Serum 1,5-AG was measured by KingMed Diagnostics using Pyranose oxidase assay kit from Beijing Strong Biotechnologies, Inc. on a Roche Modular 702 system. Serum samples were thawed and mixed at room temperature. 1,5-AG concentration was measured according to the manufacturer’s instructions. FBG, HbA1c, total cholesterol (TC), triglycerides (TG), high-density lipoprotein cholesterol (HDL-C), low-density lipoprotein cholesterol (LDL-C), creatinine (CREA), uric acid (UA) and estimated glomerular filtration rate (eGFR) were measured at the clinical laboratory of Beijing Hospital by using assay kits from Sekisui Medical Technologies (Osaka, Japan) on a Hitachi 7180 chemistry analyzer. Two quality control materials, prepared by mixed fresh serum samples, were analyzed with patient samples in each run in 1,5-AG assays to monitor the performance of the measurements. The average inter- assay CV was below 2%. Previous studies have shown this 1,5-AG assay to be highly reliable even in long-term stored samples (17). In the 2945 subjects measured, 100 samples had 1,5-AG concentration below the limit of detection, on this occasion, the lowest measured concentration was inputted.

Statistical analysis

Data were presented as percentages or medians and interquartile ranges (IQR). Baseline characteristics of the study population were compared across categories of 1,5-AG (≥14 µg/mL, <14µg/mL) in subjects with and without diagnosed DM. We used the Chi-squared test or Fisher exact test for categorical variables and the Kruskal-Wallis test for continuous variables. Correlations between 1,5-AG and conventional CAD risk factors were analyzed by Spearman nonparametric test.

To analyze the associations of 1,5-AG with the incidence of CAD and CAD severity defined by Gensini scores, multivariable logistic regression or linear regression analysis were performed. We divided the subjects with and without diabetes into two groups based on a cut point of 14 μg/mL. Those without diagnosed diabetes and 1,5-AG≥14 μg/mL served as the common reference group. Odds ratios (ORs) for CAD versus non-CAD, high versus low Gensini scores, or regression coefficients β for Gensini score, and the corresponding 95% confidence intervals (CIs) were evaluated. Potential confounding variables, including age, gender, current smoking, obesity or overweight, hypertension, dyslipidemia, stroke, family history of premature CAD, statin use, and FBG or HbA_1C, were controlled in the regression models.

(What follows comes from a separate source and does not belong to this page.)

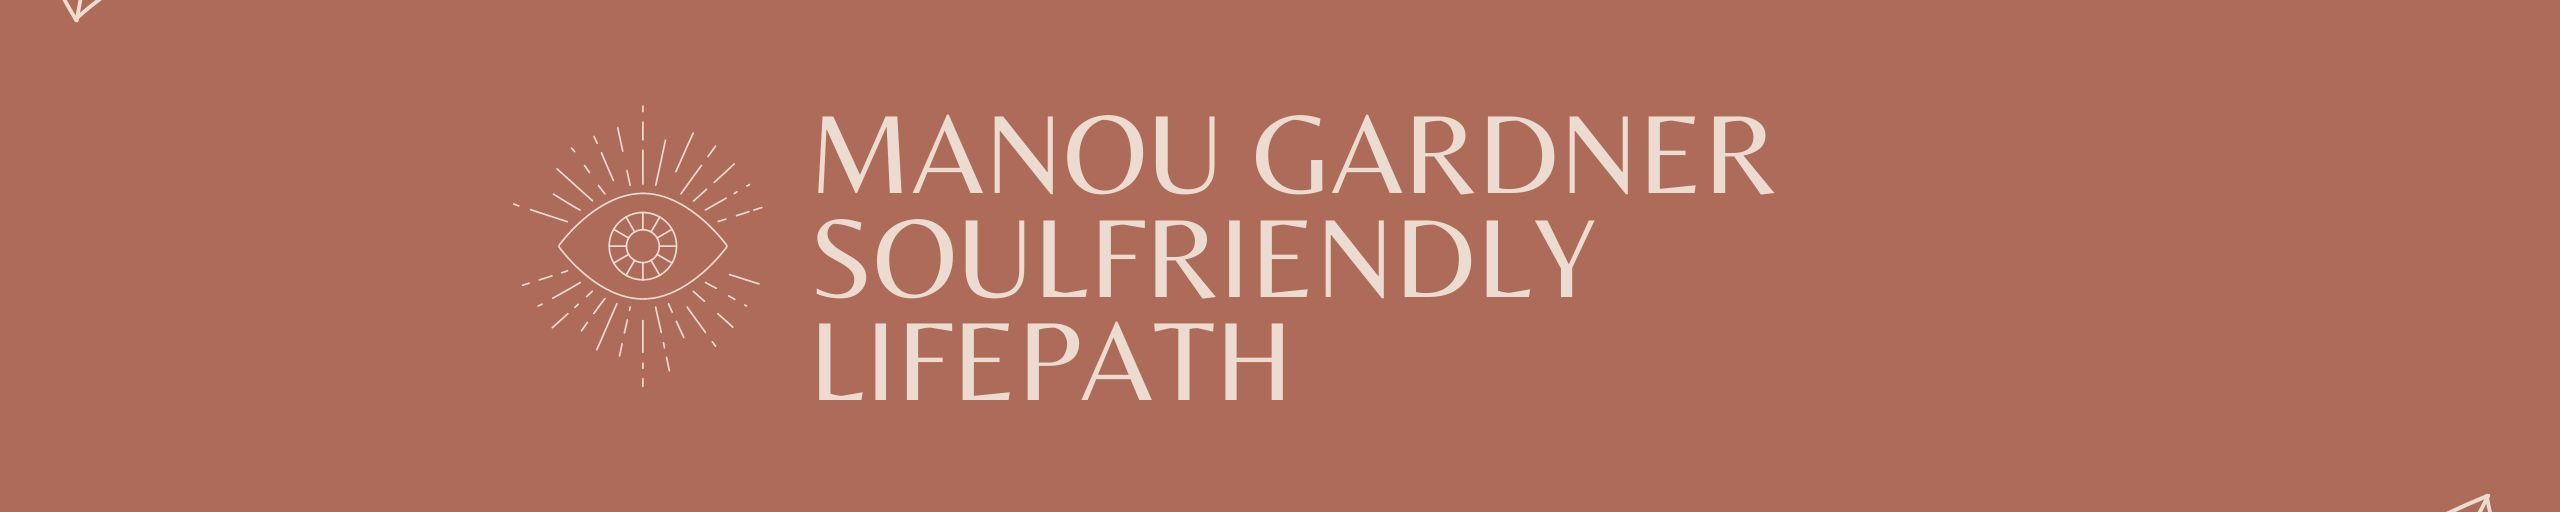 Manou Gardner Soulfriendly Lifepath

We used restricted cubic splines with five knots located at the 5th, 27.5th, 50th, 72.5th, and 95th percentiles and centered at the 14 μg/mL to explore whether there is a non-linear relationship between 1,5-AG and incident CAD and severity. Besides, two-piecewise linear regression model was also used to further explain the non-linearity and examine the threshold effect of the 1,5-AG on CAD and severity using a smoothing function. In the model, the threshold level (i.e.,turning point) was determined using trial and error, including selection of turning points along a pre-defined interval and then choosing the turning point that gave the maximum model likelihood. We also conducted a log likelihood ratio test to examine the statistical significance.

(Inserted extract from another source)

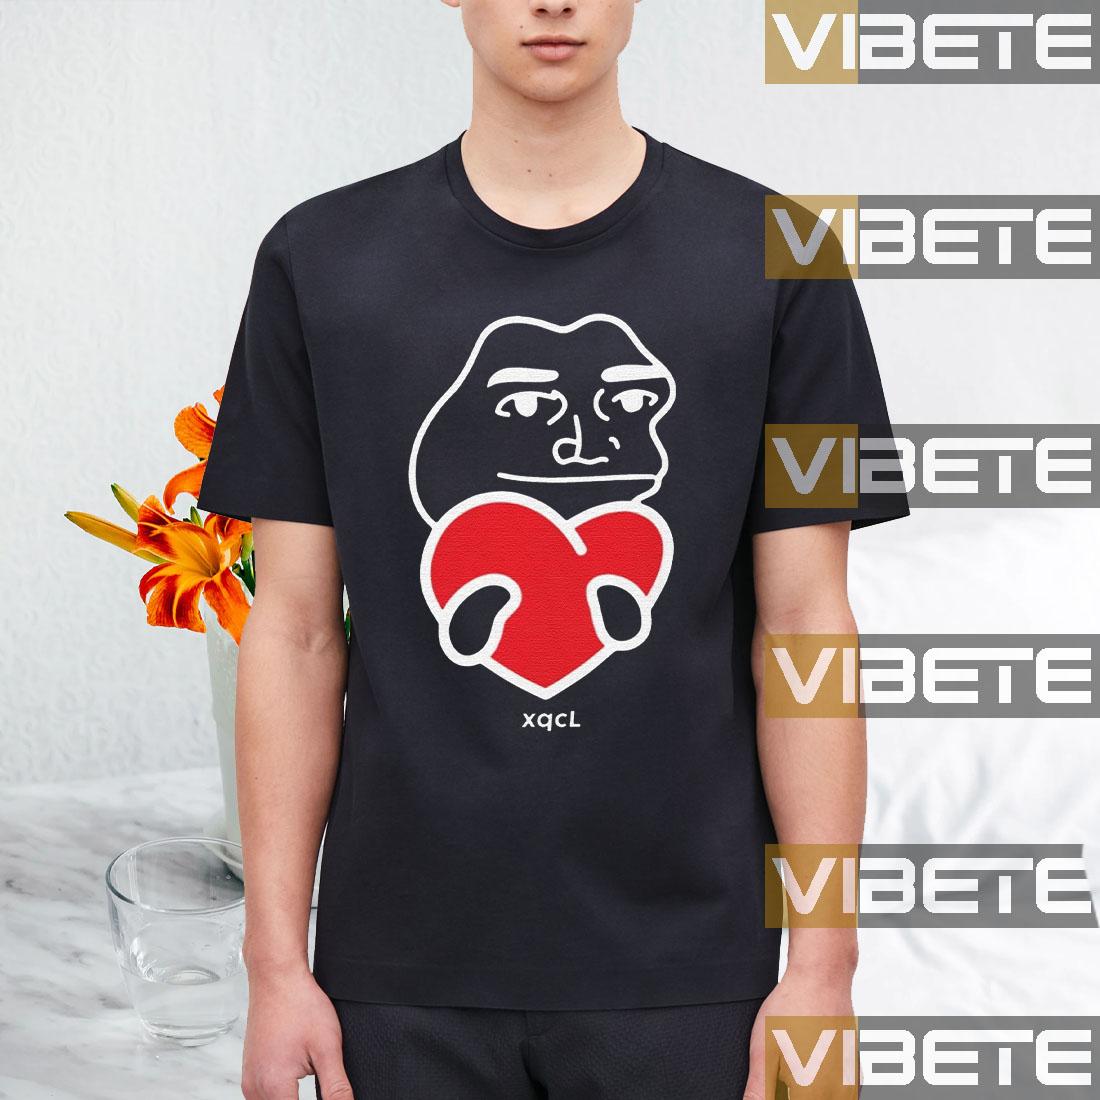 xqcl t-shirt

In addition, the subgroup analyses and interaction tests were performed using stratified binary logistic regression model or linear regression. In order to further examine the robustness of associations between 1,5-AG and incident CAD and severity, we performed several sensitivity analyses: additionally adjusting for the serum concentrations of other biochemical parameters, including TC, TG, HDL-C, LDL-C, UA, Crea and eGFR; excluding participants with 1,5-AG below the limit of detection; using 1,5-AG concentration as a continuous independent variable instead of the category variable with a cutoff for 1,5-AG of ≥ 14 μg/mL, respectively.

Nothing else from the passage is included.